YOUR ASSIGNMENT
Transcribe the whole listing exactly; the images stay out.
*** Opening RECORDED INFORMATION ***
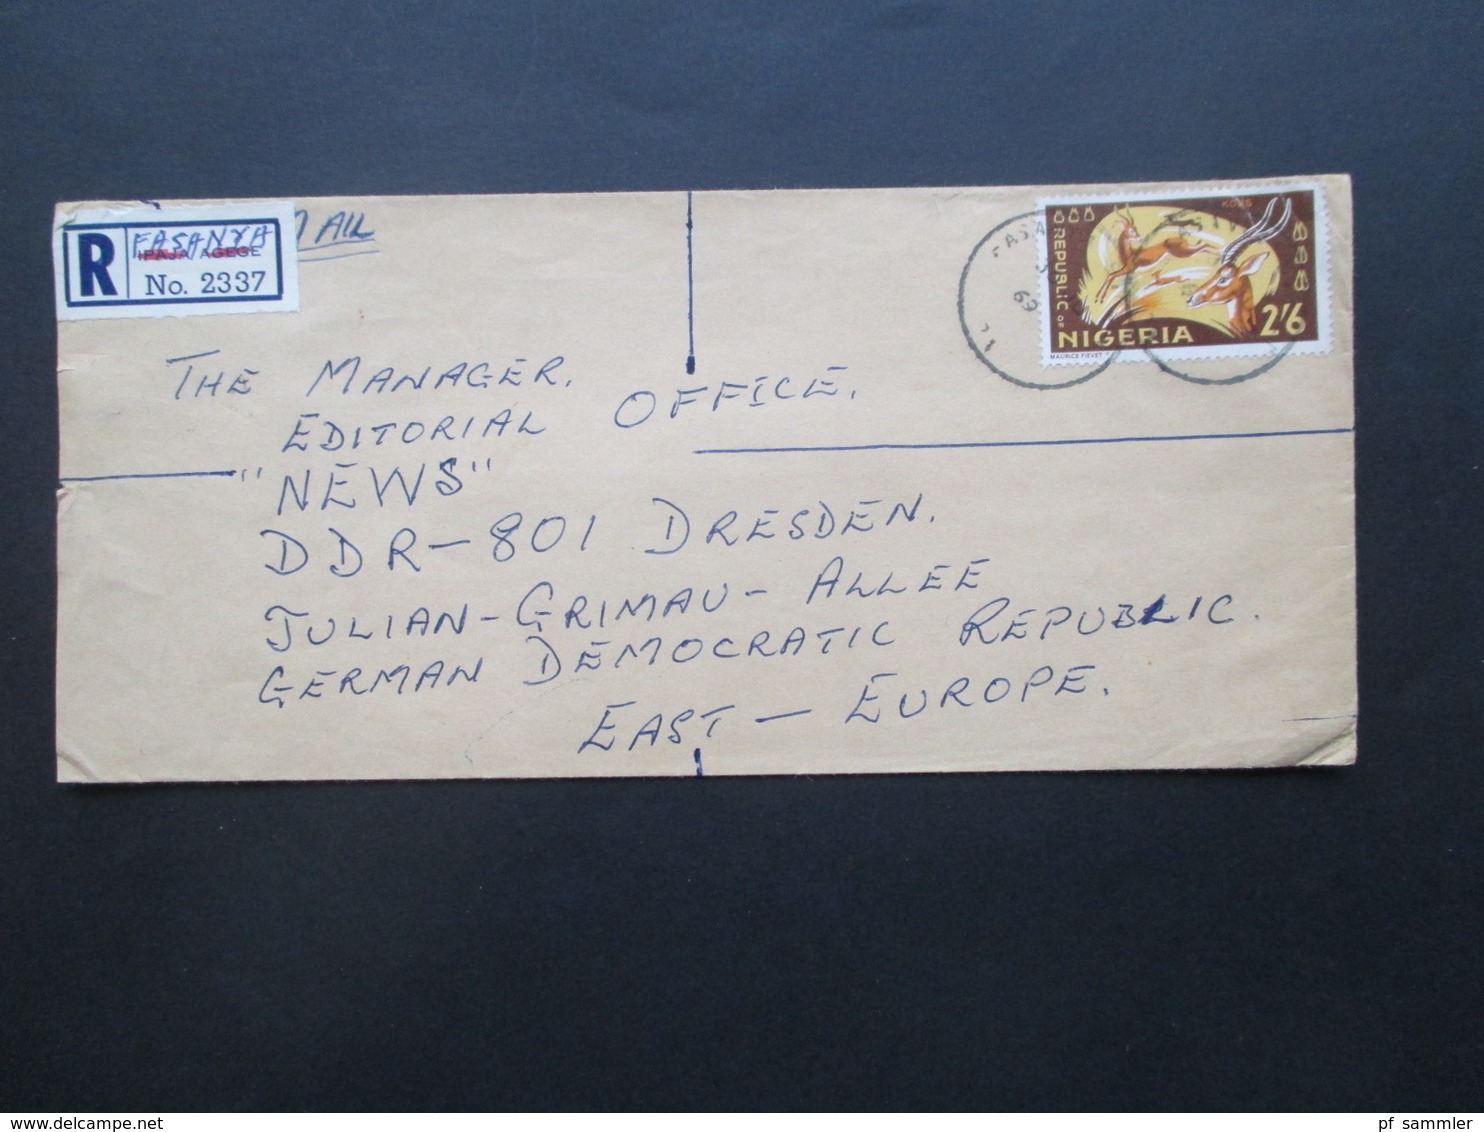 Nigeria 1969 Air Mail / Luftpost Einschreiben handschriftl geänderter R Zettel Fasanya nach Dresden mit je 8 Stempeln
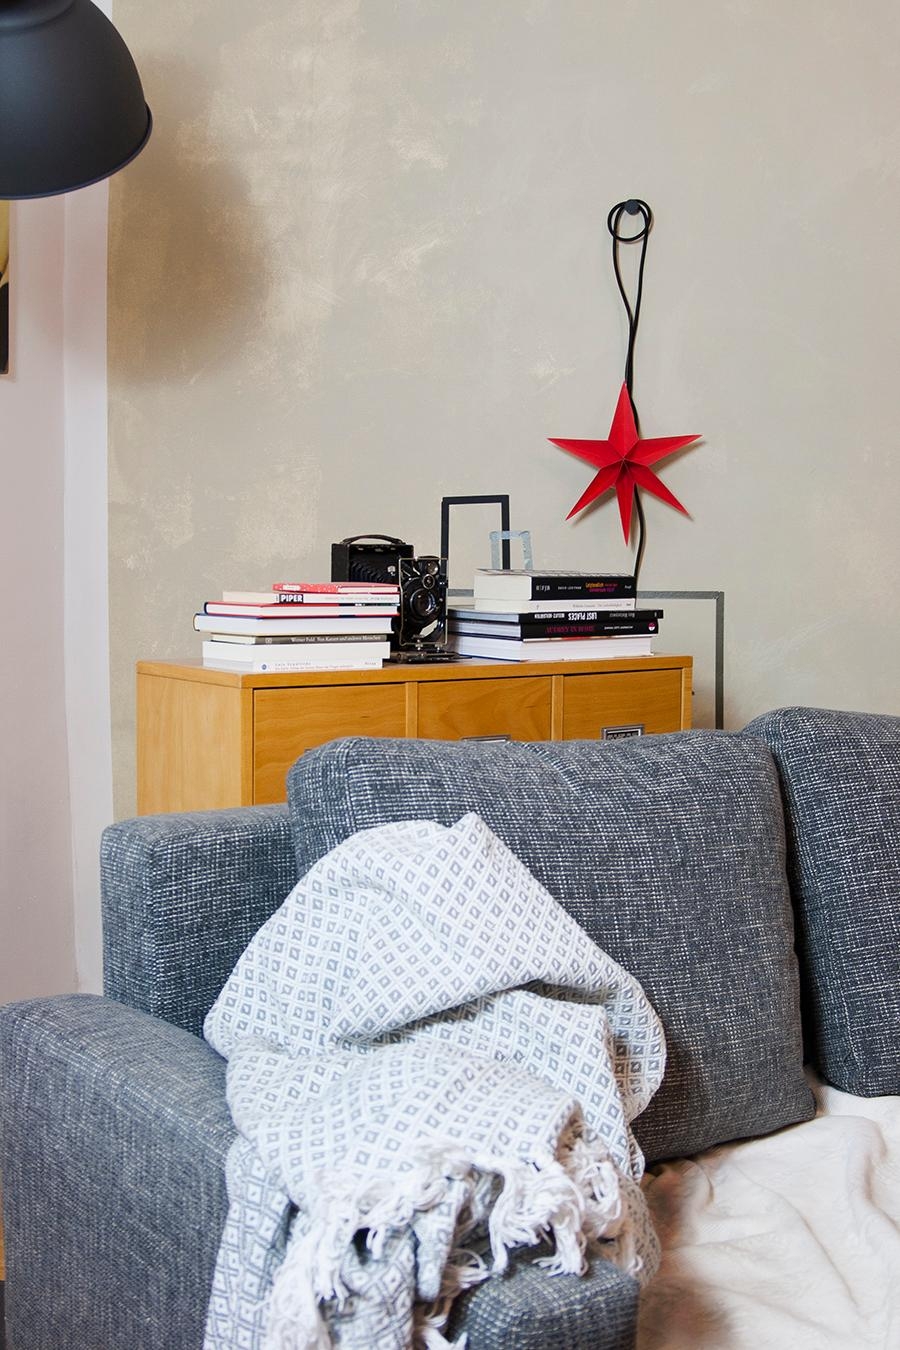 #rot geht bei uns immer, fand auch #frauhase und schenkte mir den tollen #stern❣️
#decke #sofa #wohnzimmer #weihnachten
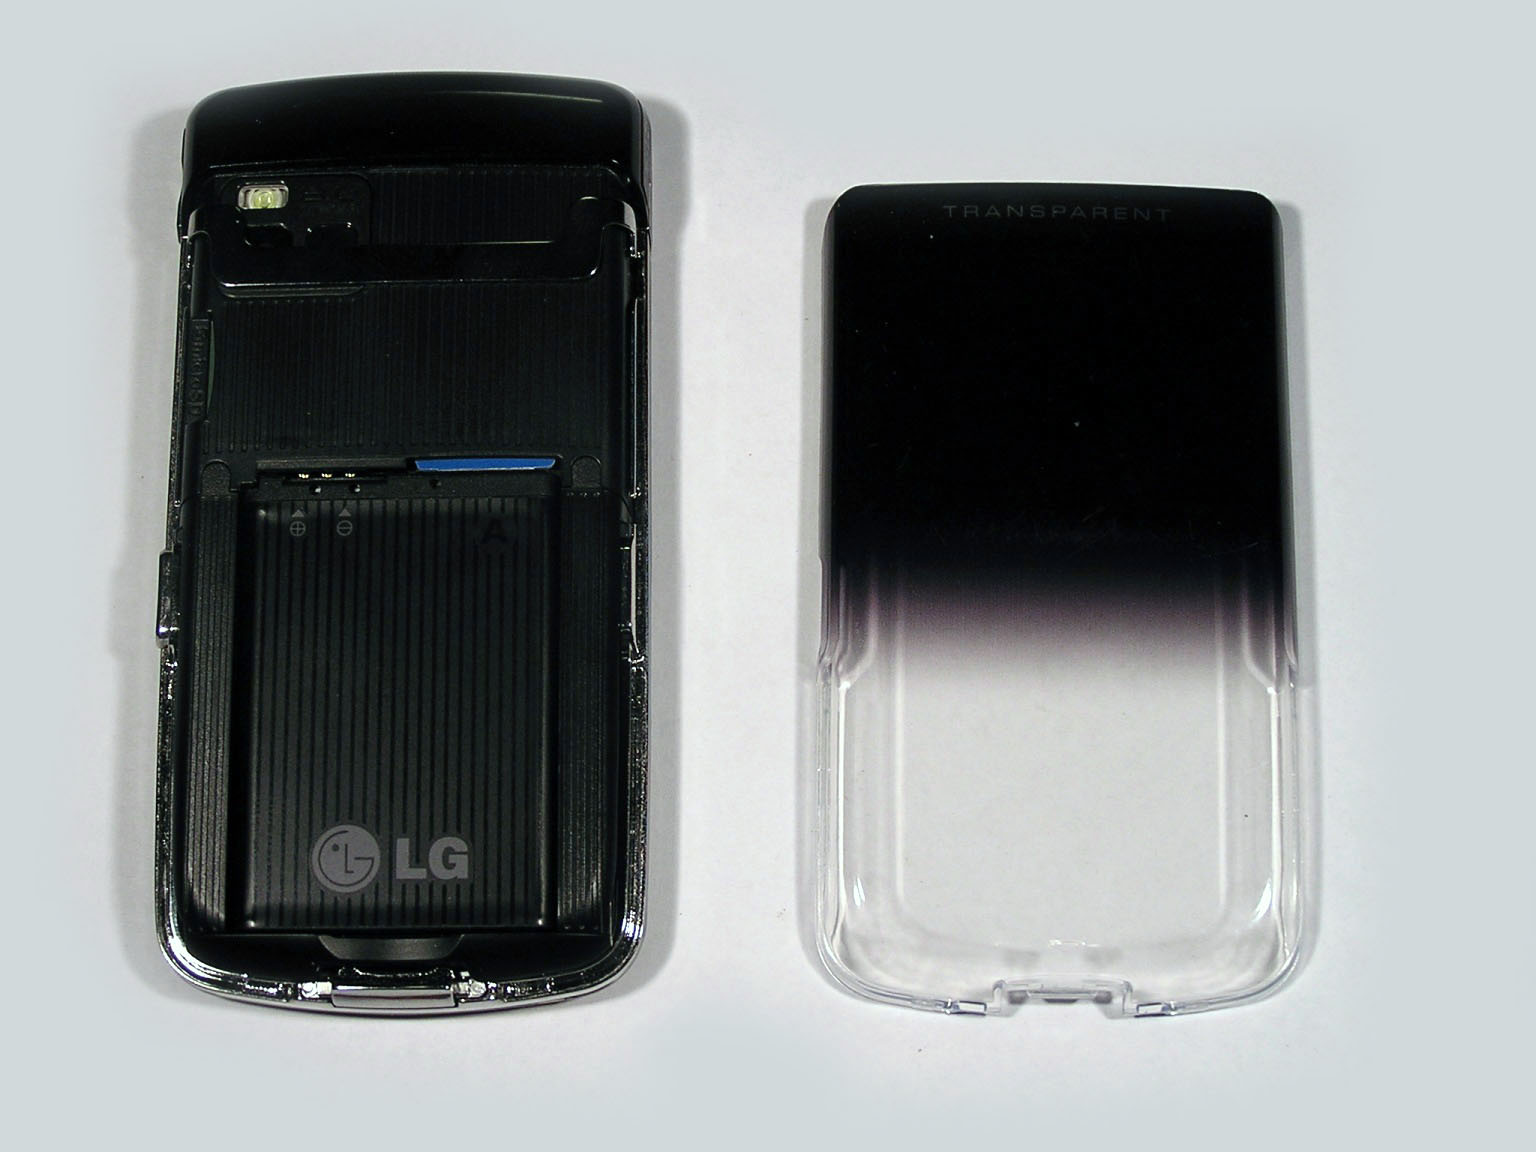 LG GD900 Crystal - Nástupce populární Areny
*** Closing RECORDED INFORMATION ***
SOLUTION TO THE EXERCISE
 Nigeria 1969 Air Mail / Luftpost Einschreiben handschriftl geänderter R Zettel Fasanya nach Dresden mit je 8 Stempeln
 #rot geht bei uns immer, fand auch #frauhase und schenkte mir den tollen #stern❣️
#decke #sofa #wohnzimmer #weihnachten
 LG GD900 Crystal - Nástupce populární Areny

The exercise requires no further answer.